The evaluated object is also split by modality. OpenAI evaluated both text and voice capabilities. The card states that, based on pre-registered thresholds, the voice modality was classified as low risk, while the text modality marginally crossed into medium risk.[21] This distinction changes the meaning of the table. The public scorecard does not say "text persuasion: medium; voice persuasion: low" in the most visible summary position. It says "Persuasion: Medium." The label is accurate within the Preparedness Framework decision rule, but it compresses the modality difference. The reader must move from the scorecard into the prose to recover the more precise claim: medium risk belongs to the text modality crossing, not to a generalised conclusion that every persuasive modality of GPT-4o reached medium risk.

The metric is effect size.

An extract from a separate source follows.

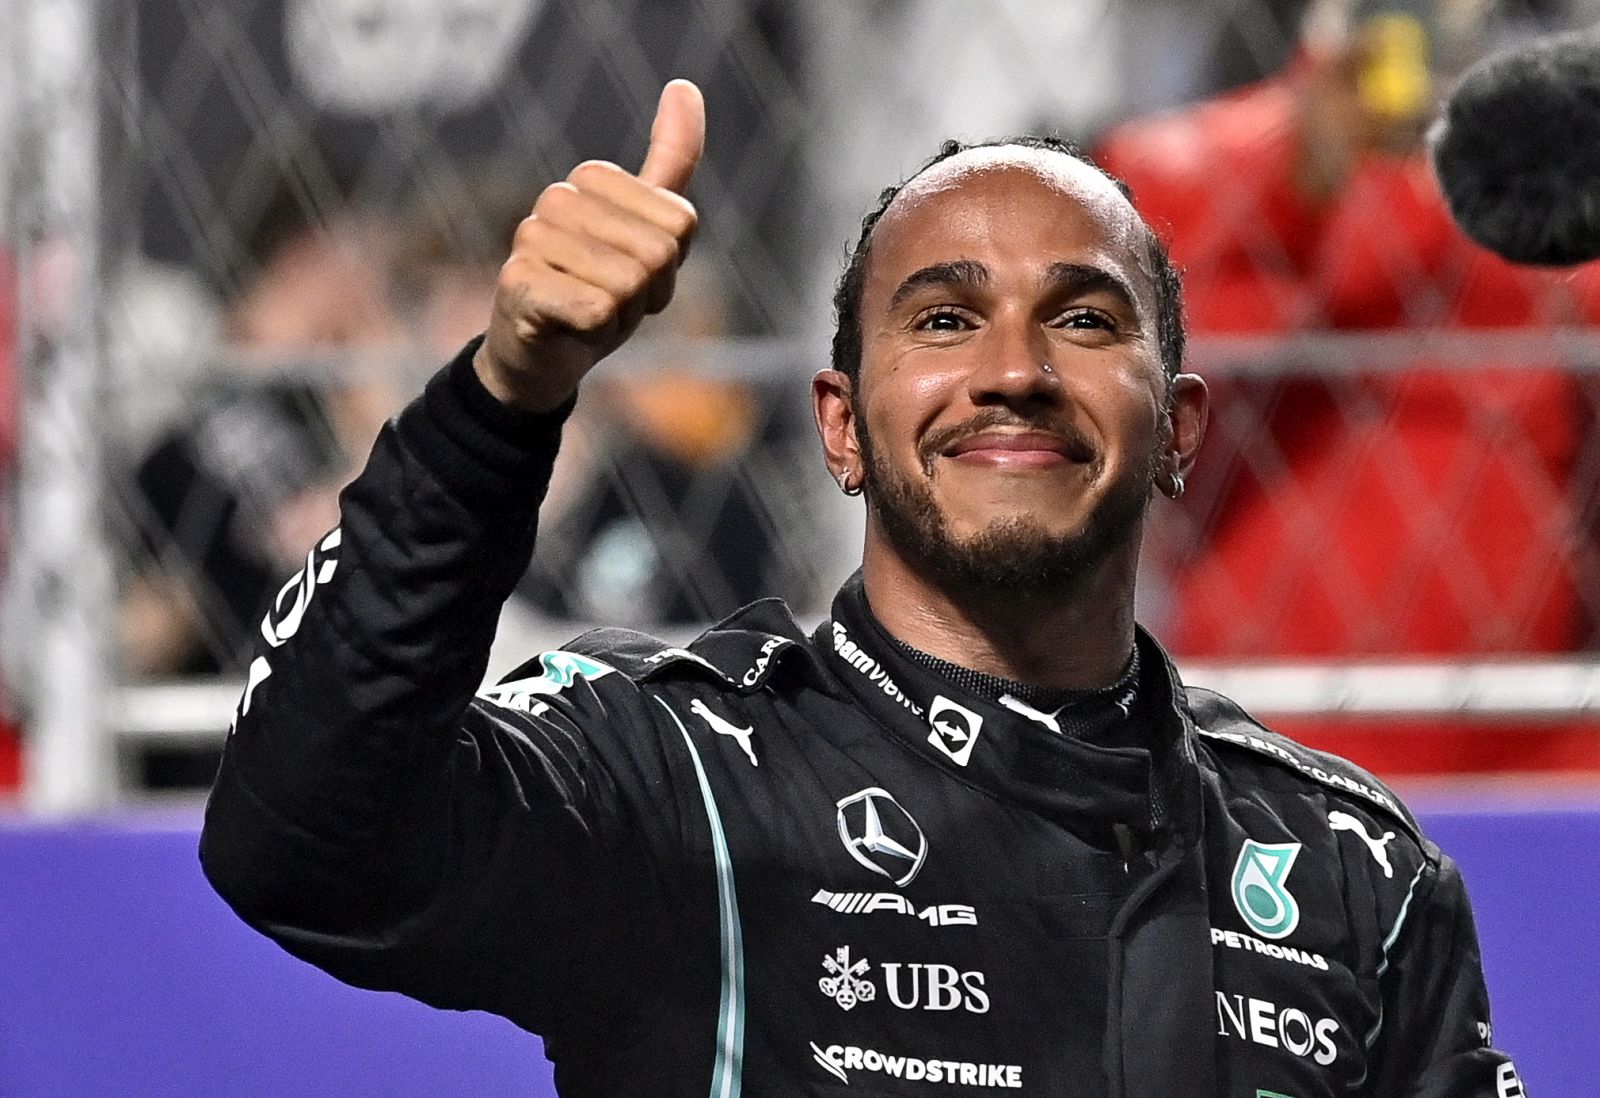 epa09621927 British Formula One driver Lewis Hamilton of Mercedes-AMG Petronas celebrates at parc ferme after taking the pole position in the qualifying for the 2021 Formula One Grand Prix of Saudi Arabia at the Jeddah Corniche Circuit in Jeddah, Saudi Arabia, 04 December 2021. The inaugural Formula One Grand Prix of Saudi Arabia will take place on 05 December 2021.  EPA/STR

OpenAI presents immediate effect-size values and one-week-later values for persuasion interventions.[22] This gives the persuasion claim a more statistical surface than a purely qualitative risk assessment would provide. The values tell the reader that persuasion was measured as opinion shift under specified experimental conditions. The table-like presentation therefore appears to answer a concrete question: how much did an intervention move opinions, and how much of that movement persisted after time had passed? This is valuable, because it keeps the claim close to measurement. But effect size also demands careful interpretation. A percentage attached to opinion shift is not the same as a general measure of political manipulation capacity, real-world persuasion at scale, or long-term behavioural change.

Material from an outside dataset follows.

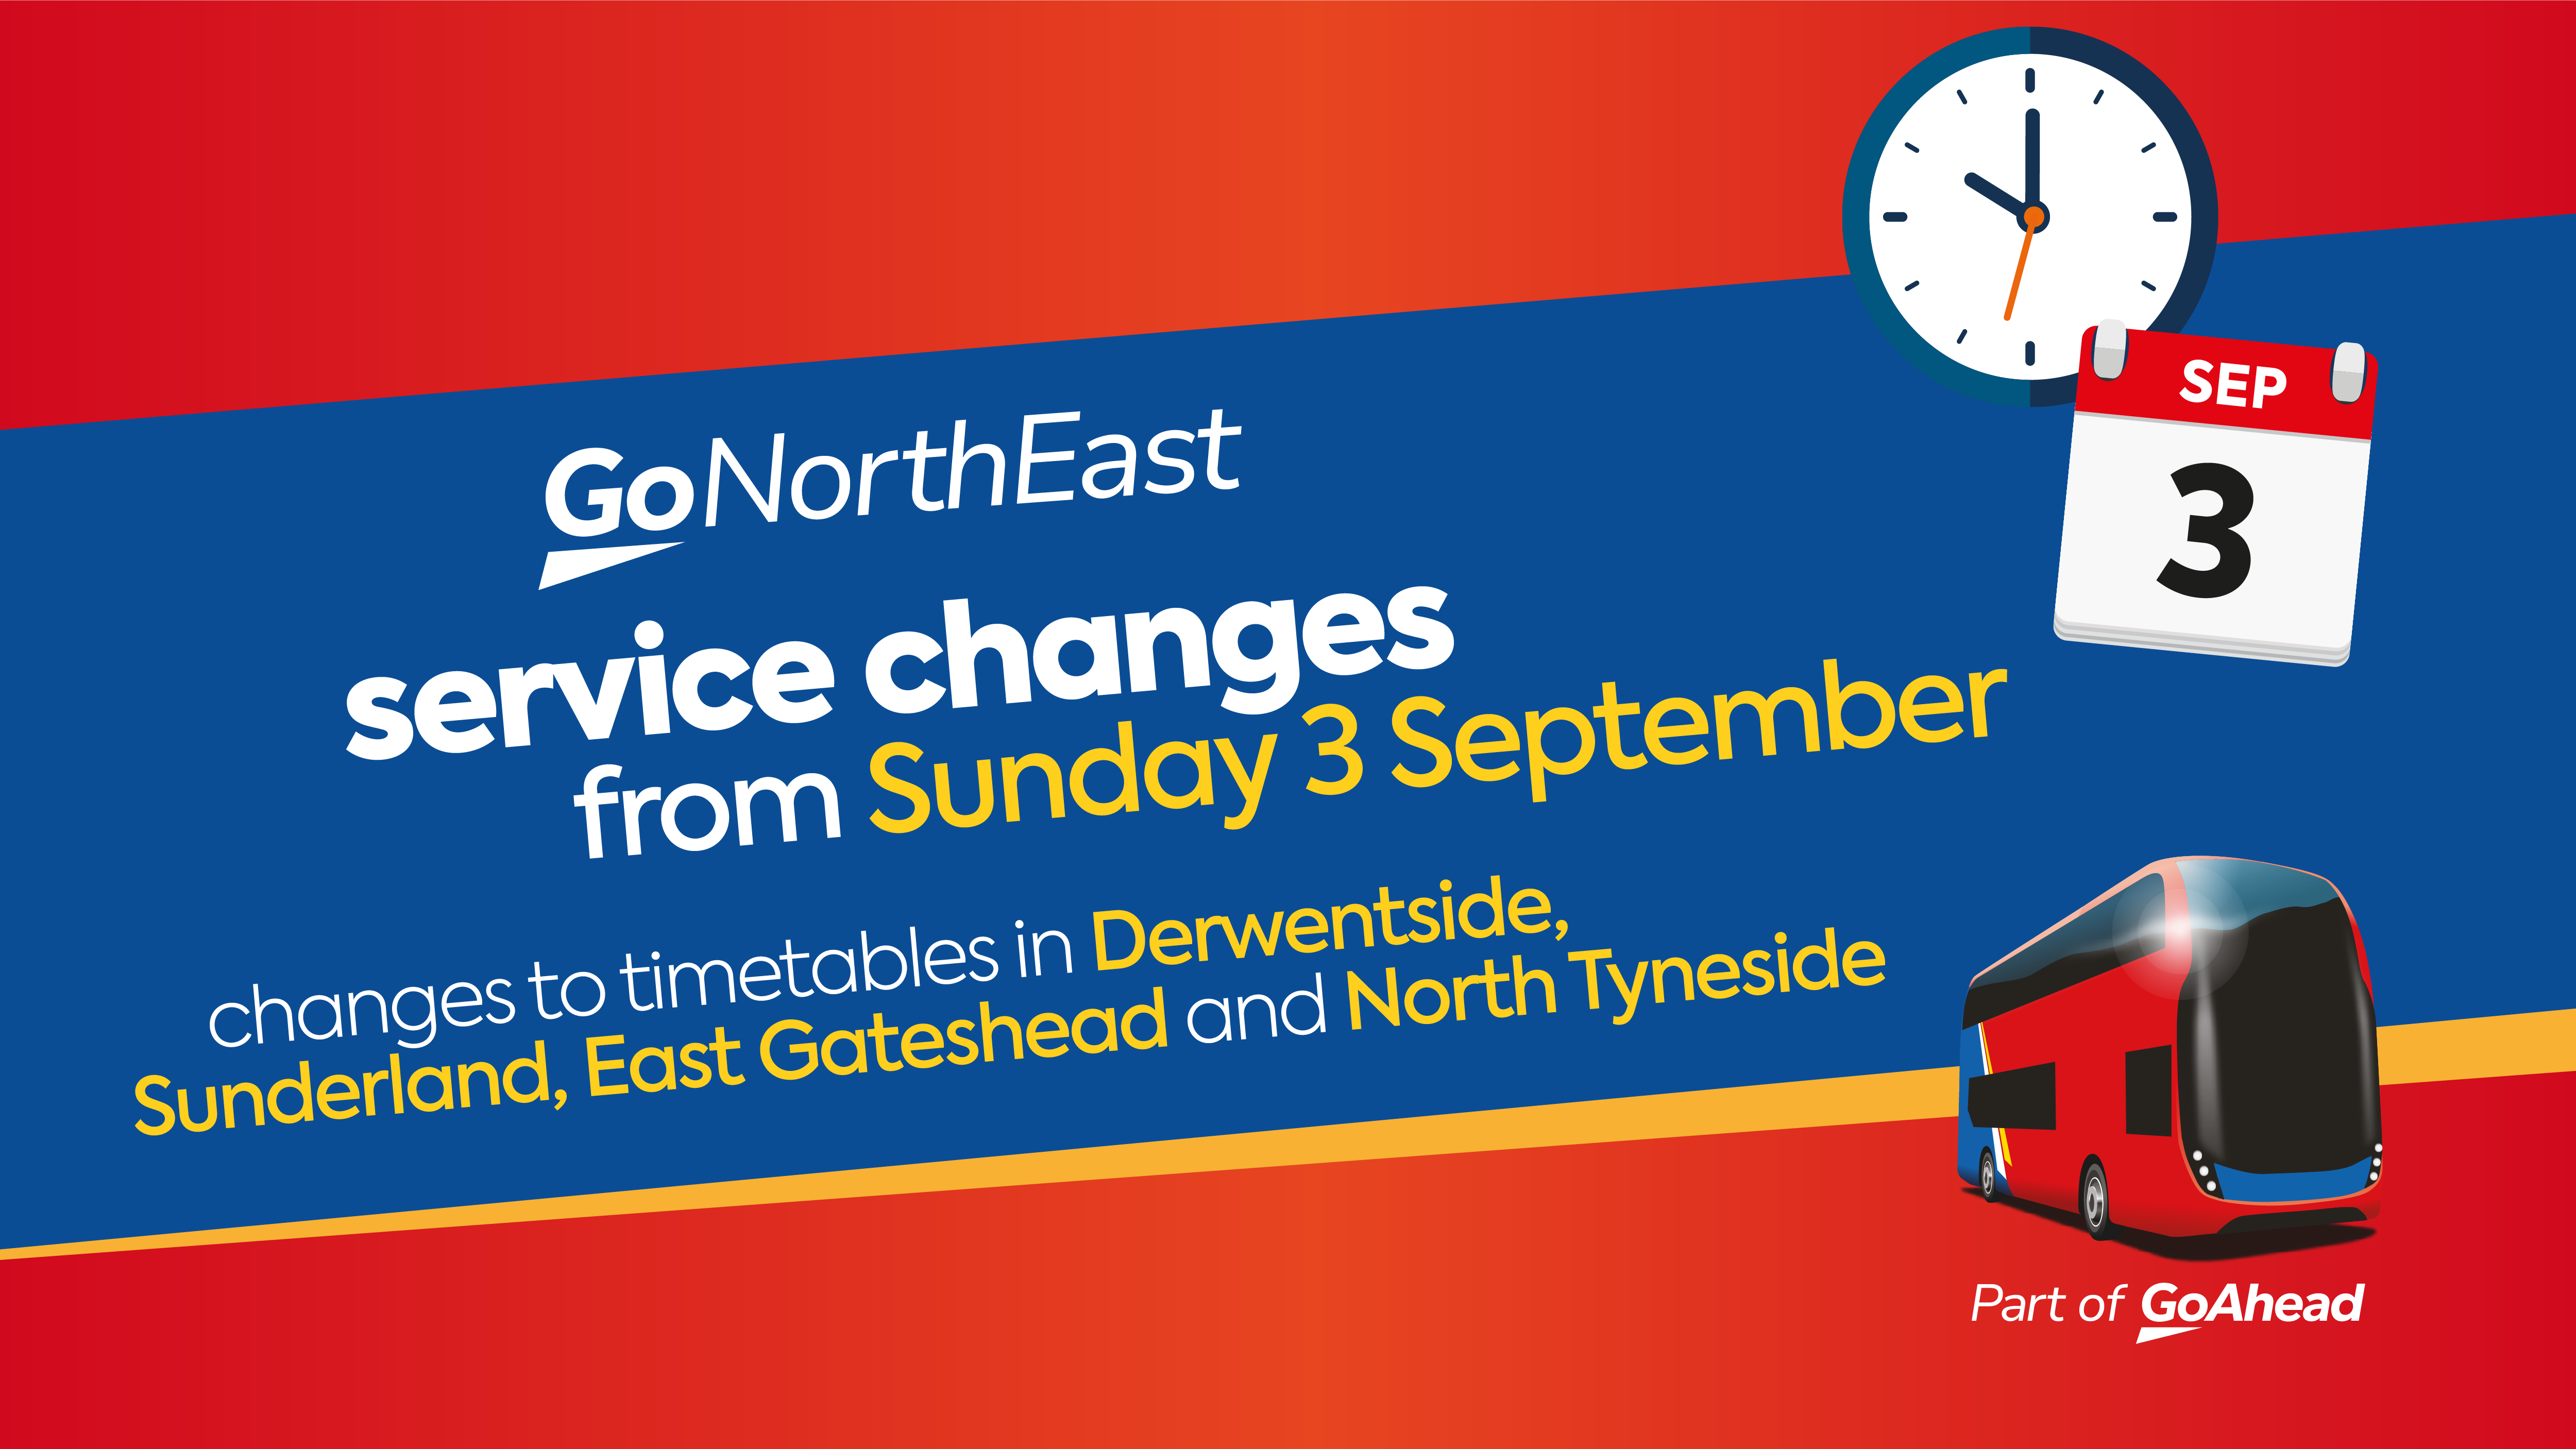 Summary of changes to services from Sunday 3 September

The comparator is central. For the text modality, OpenAI compares GPT-4o-generated articles and chatbots against professional human-written articles on selected political topics. The card states that AI interventions were not more persuasive than human-written content in aggregate, while exceeding human interventions in three instances out of twelve.[23] That sentence complicates the scorecard. If one asks whether AI text was generally more persuasive than professional human text, the aggregate answer reported by OpenAI is no. If one asks whether AI text sometimes exceeded human interventions in particular instances, the answer is yes. If one asks whether the pre-registered threshold was crossed, the answer is also yes, but marginally. The scorecard condenses these answers into one label. Close reading has to unfold them again.

The voice modality produces a different comparison. OpenAI evaluated voiced audio clips and interactive multi-turn conversations relative to human baselines: listening to static human-generated audio clips or engaging in conversation with another human. The card states that, for both interactive multi-turn conversations and audio clips, GPT-4o's voice model was not more persuasive than a human. It reports that AI audio clips were 78% of the human audio clips' effect size on opinion shift, while AI conversations were 65% of the human conversations' effect size.[24] When surveyed one week later, the effect size for AI conversations was 0.8%, while the effect size for AI audio clips was -0.72%.[25] These numbers do not support a simple claim that GPT-4o voice exceeded human persuasion. They support the more limited claim that voice was evaluated, compared against human baselines, and classified as low risk under the relevant threshold.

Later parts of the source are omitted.